Start of Block
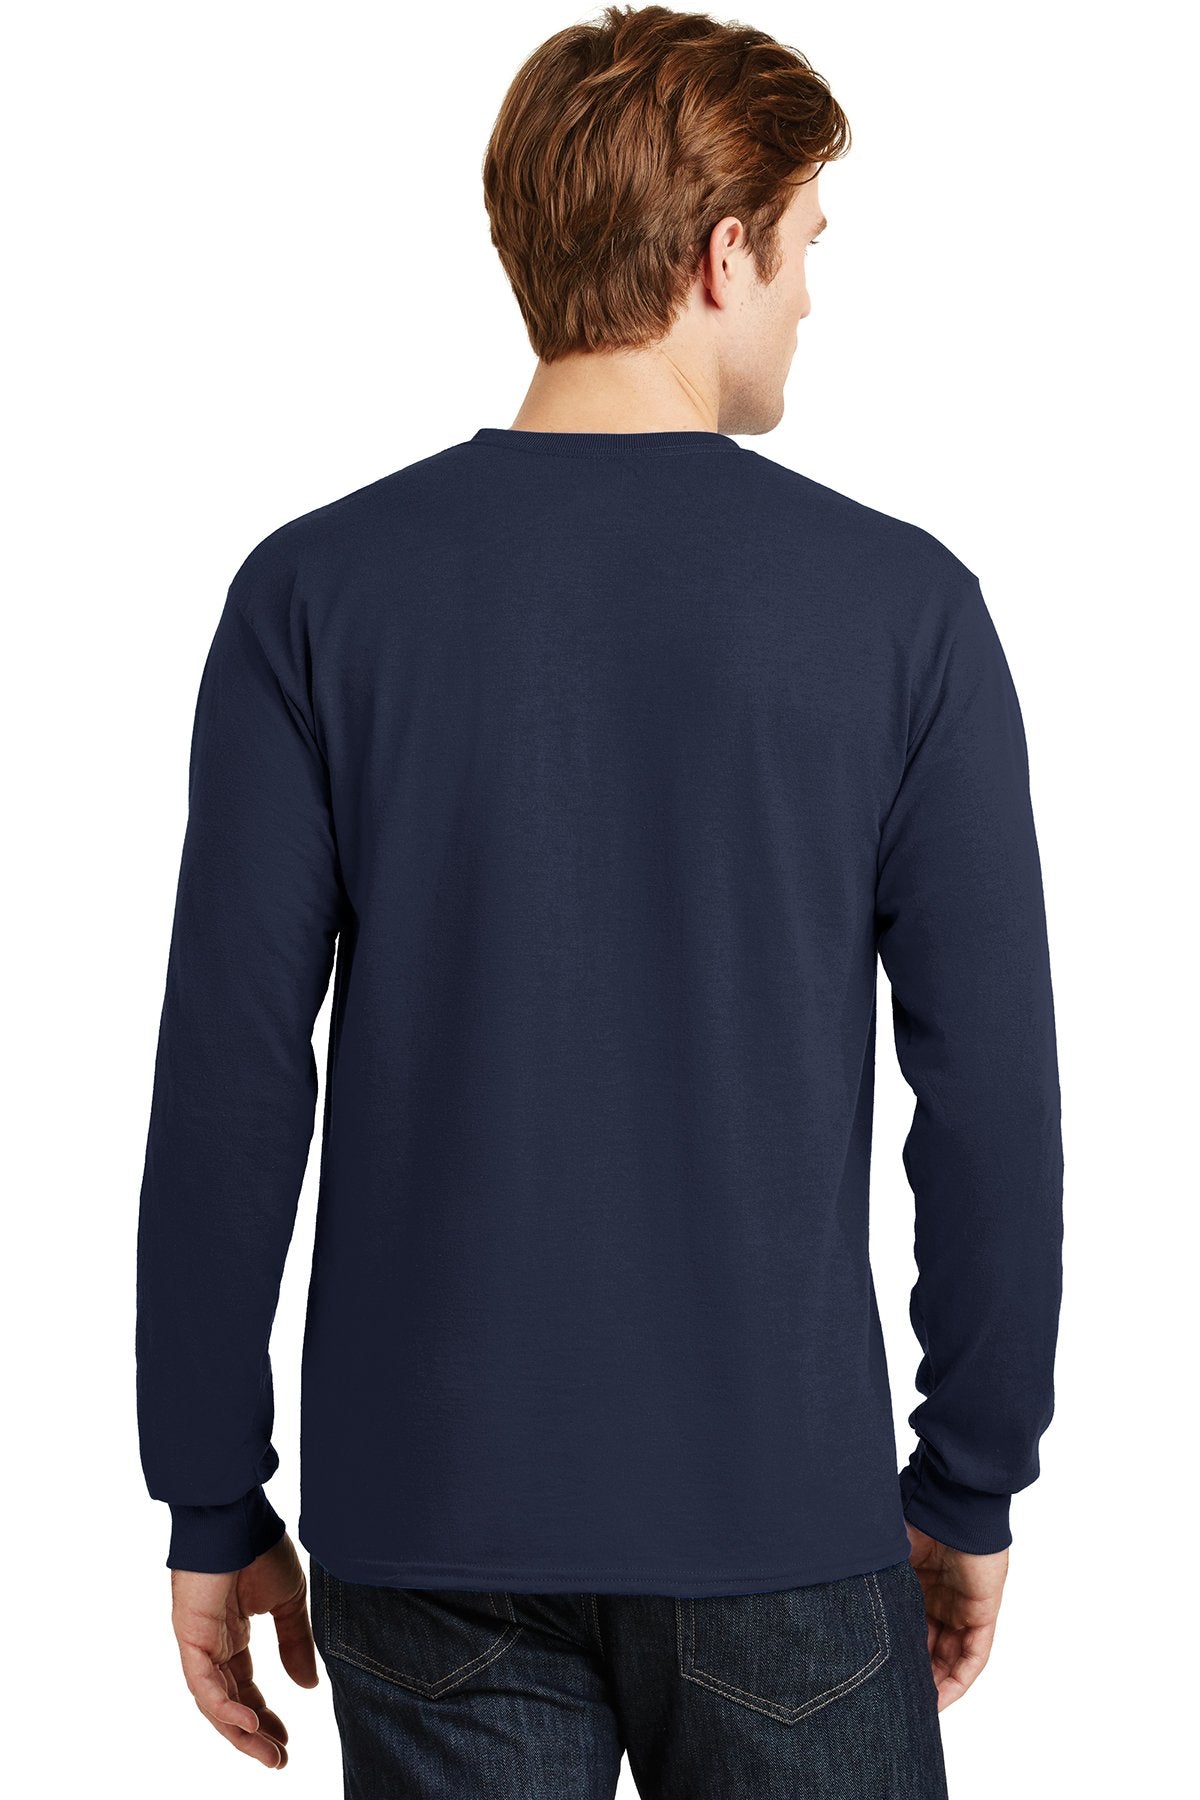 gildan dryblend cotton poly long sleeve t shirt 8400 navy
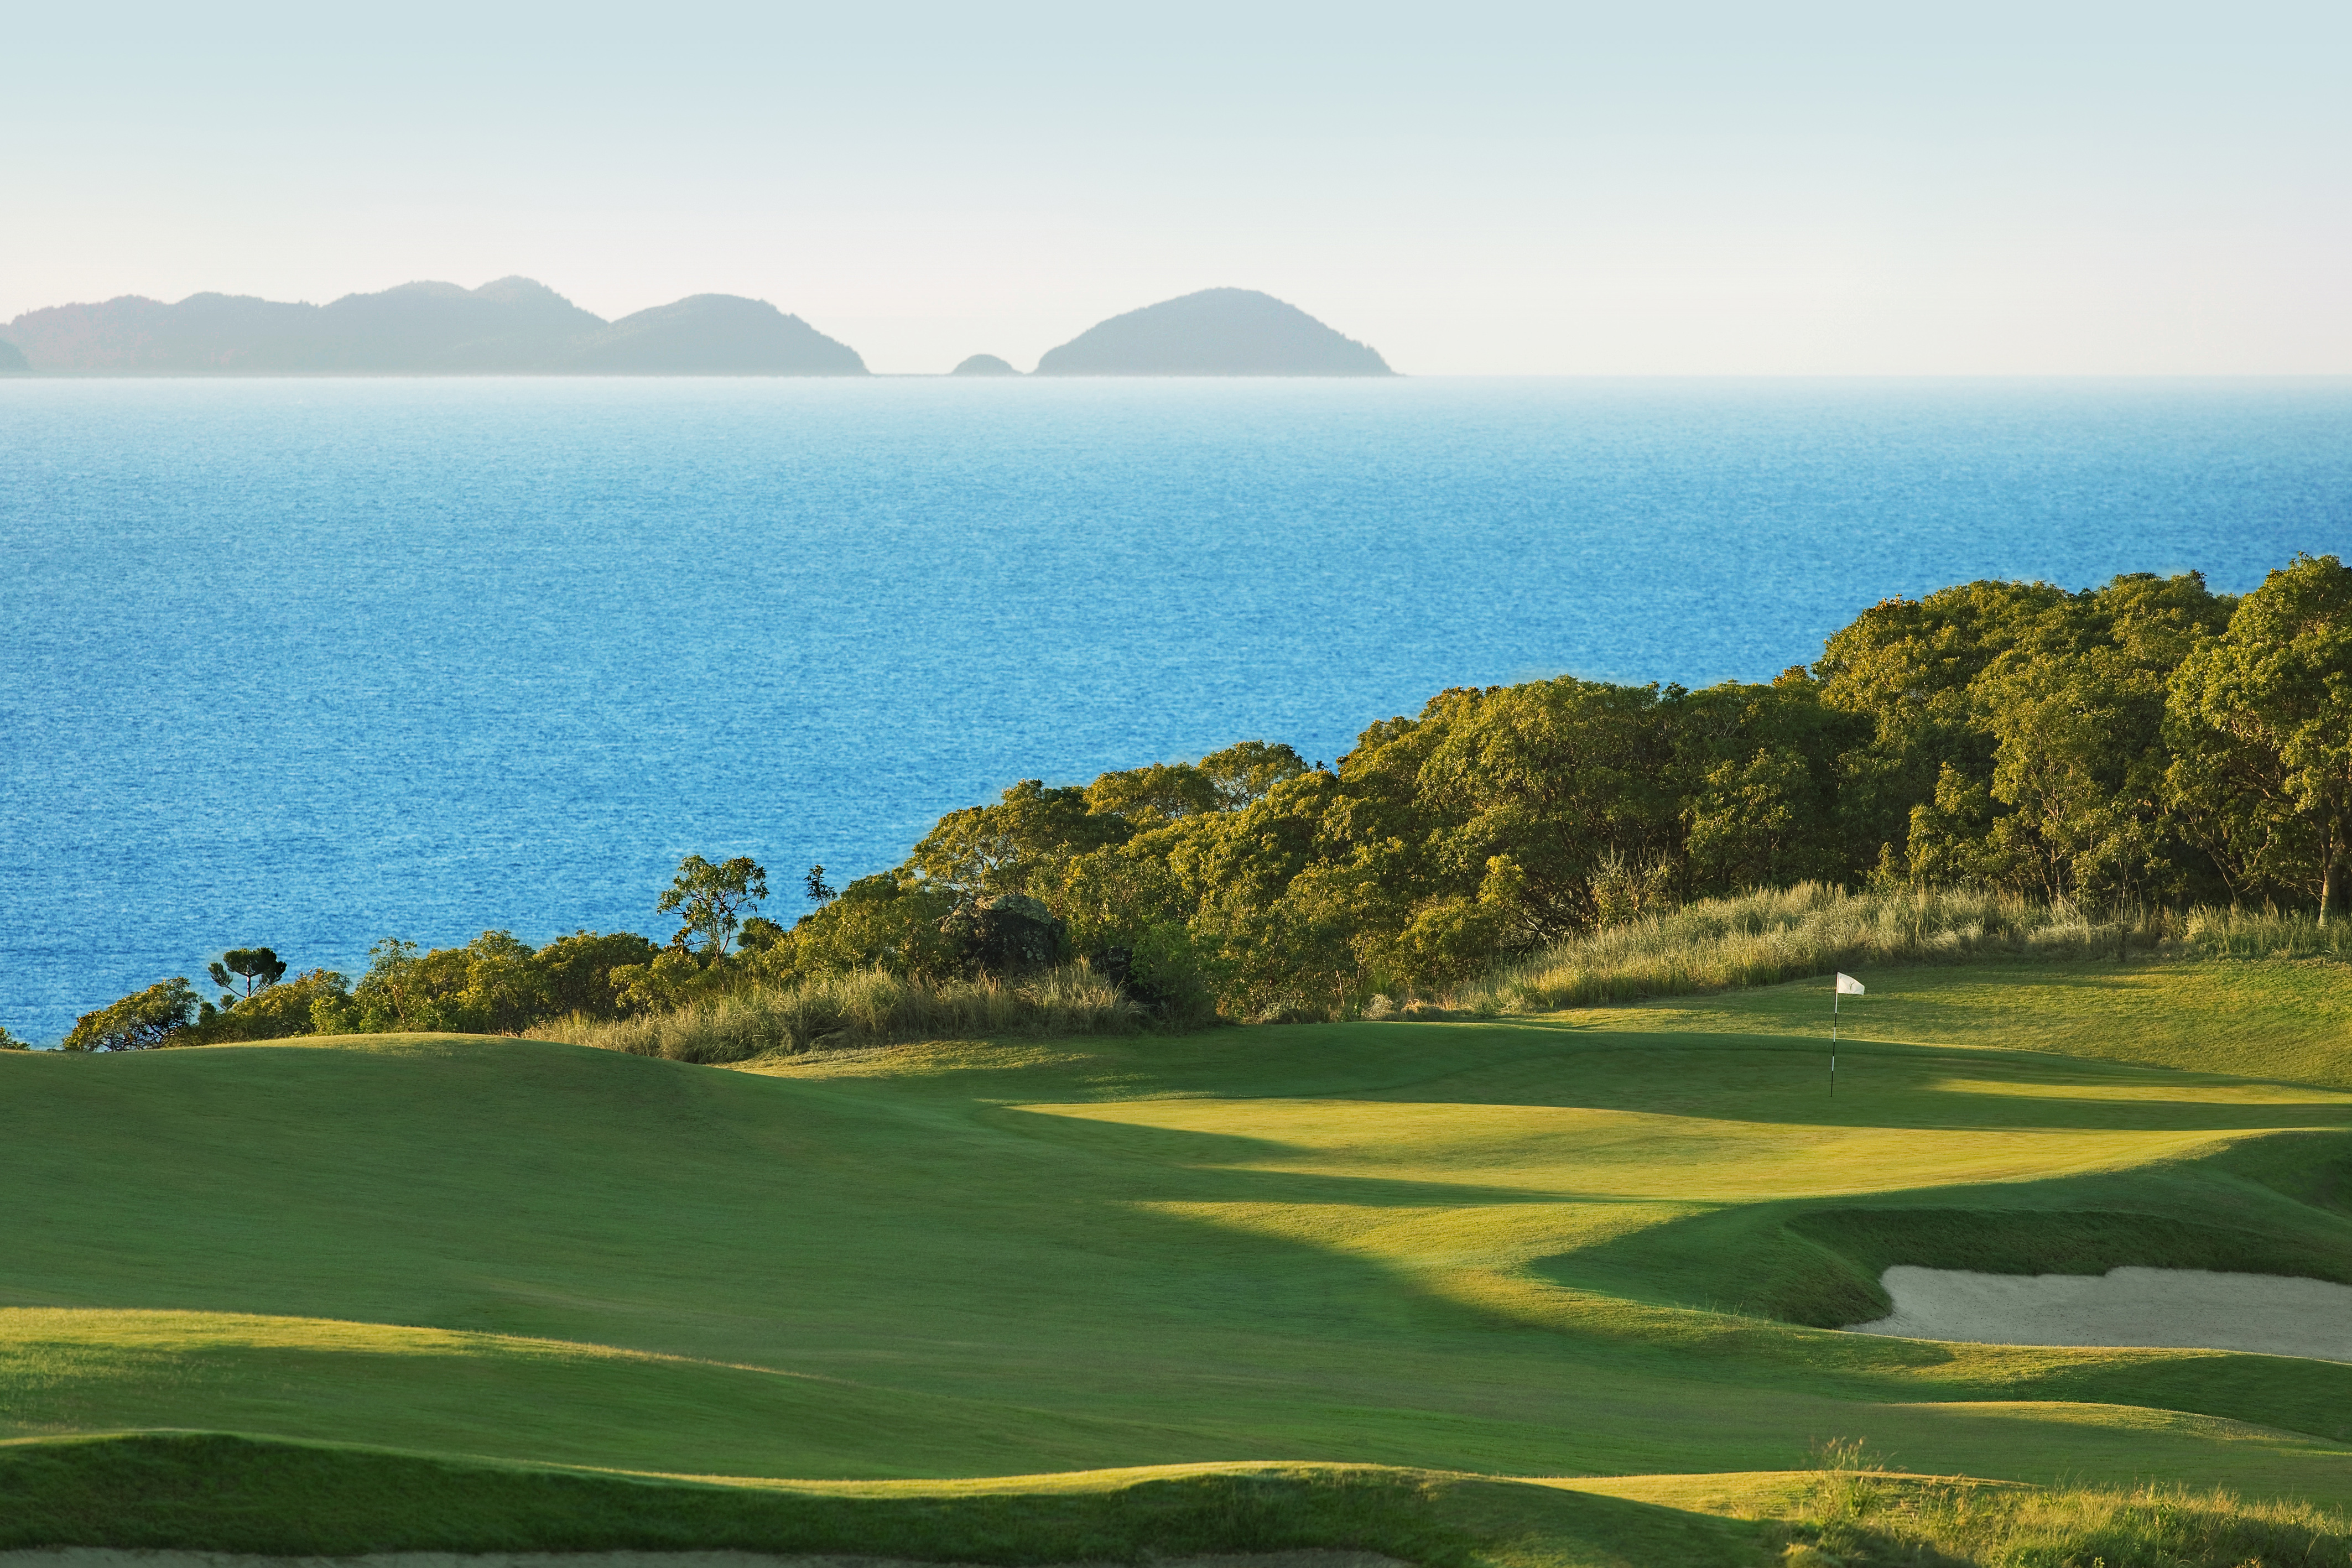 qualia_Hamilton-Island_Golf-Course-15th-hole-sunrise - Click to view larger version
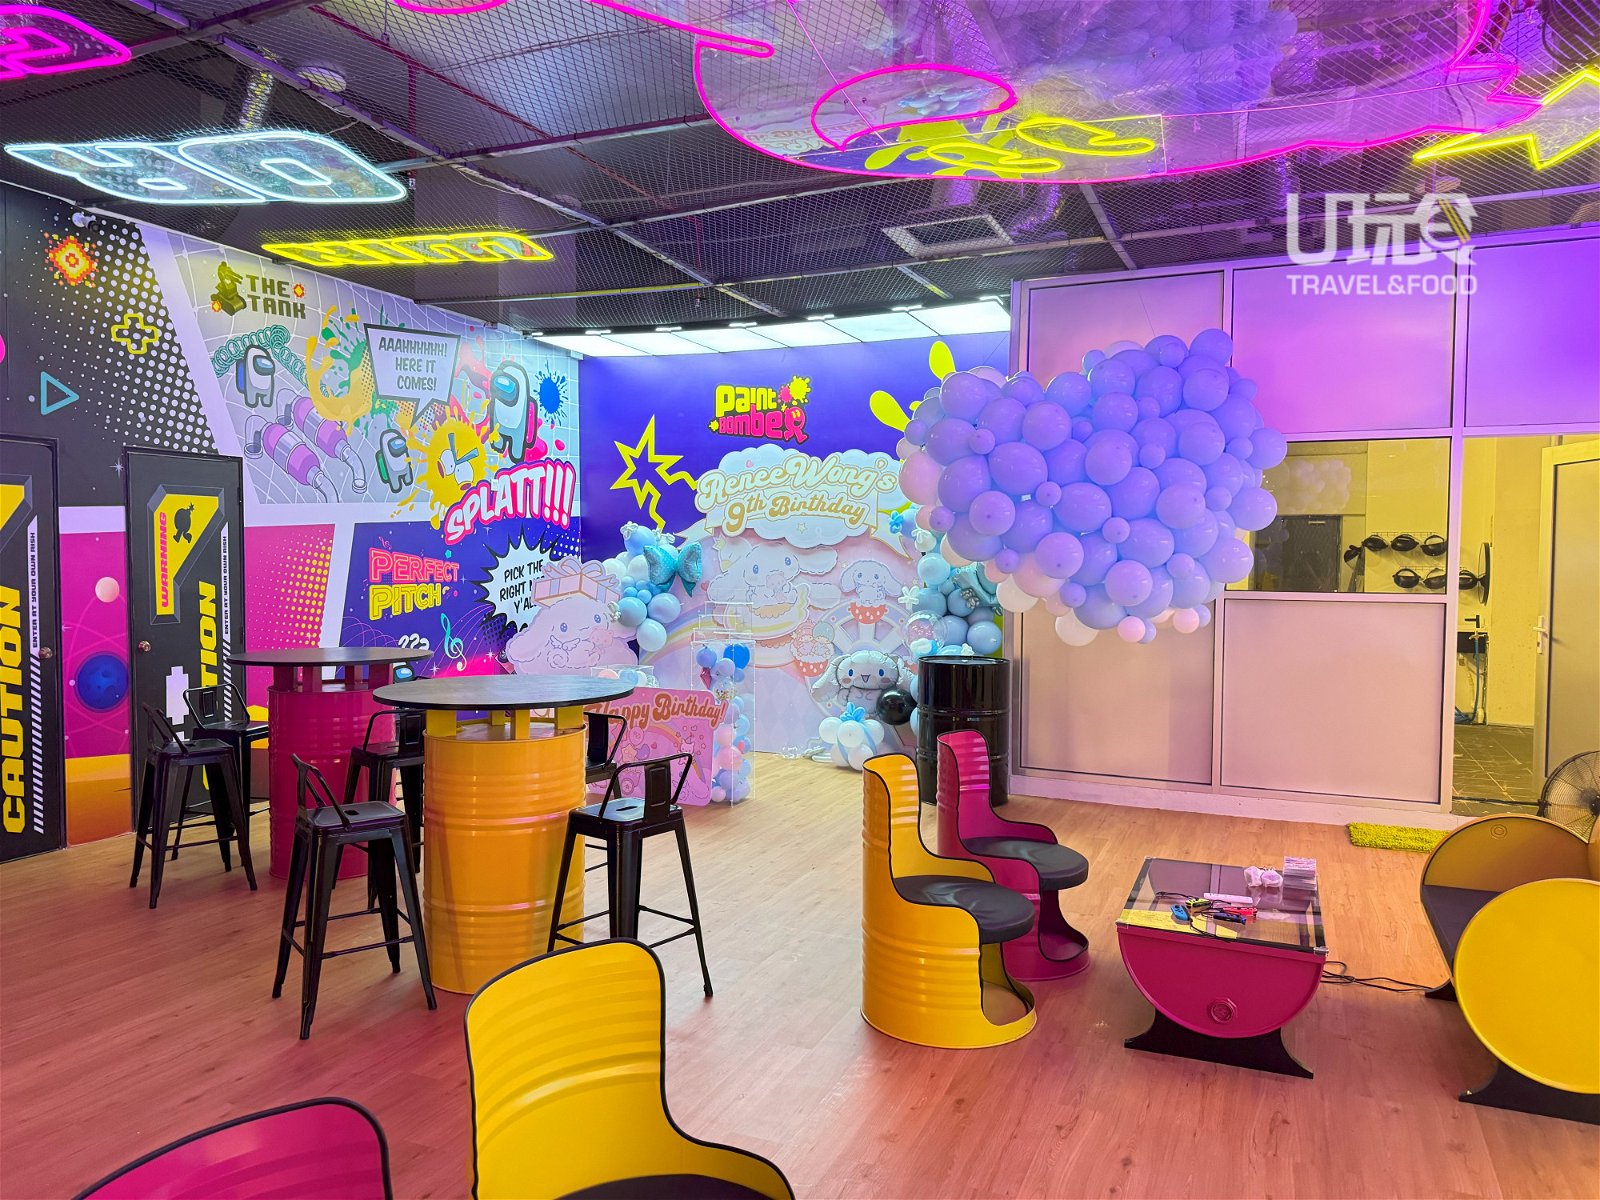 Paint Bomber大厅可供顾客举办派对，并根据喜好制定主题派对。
End of Block
Starting with the line that contains "qualia_Hamilton-Island_Golf-Course-15th-hole-sunrise - Click", give the lines again exactly as they appear through the last line of the data, pictures excluded.

 qualia_Hamilton-Island_Golf-Course-15th-hole-sunrise - Click to view larger version
 Paint Bomber大厅可供顾客举办派对，并根据喜好制定主题派对。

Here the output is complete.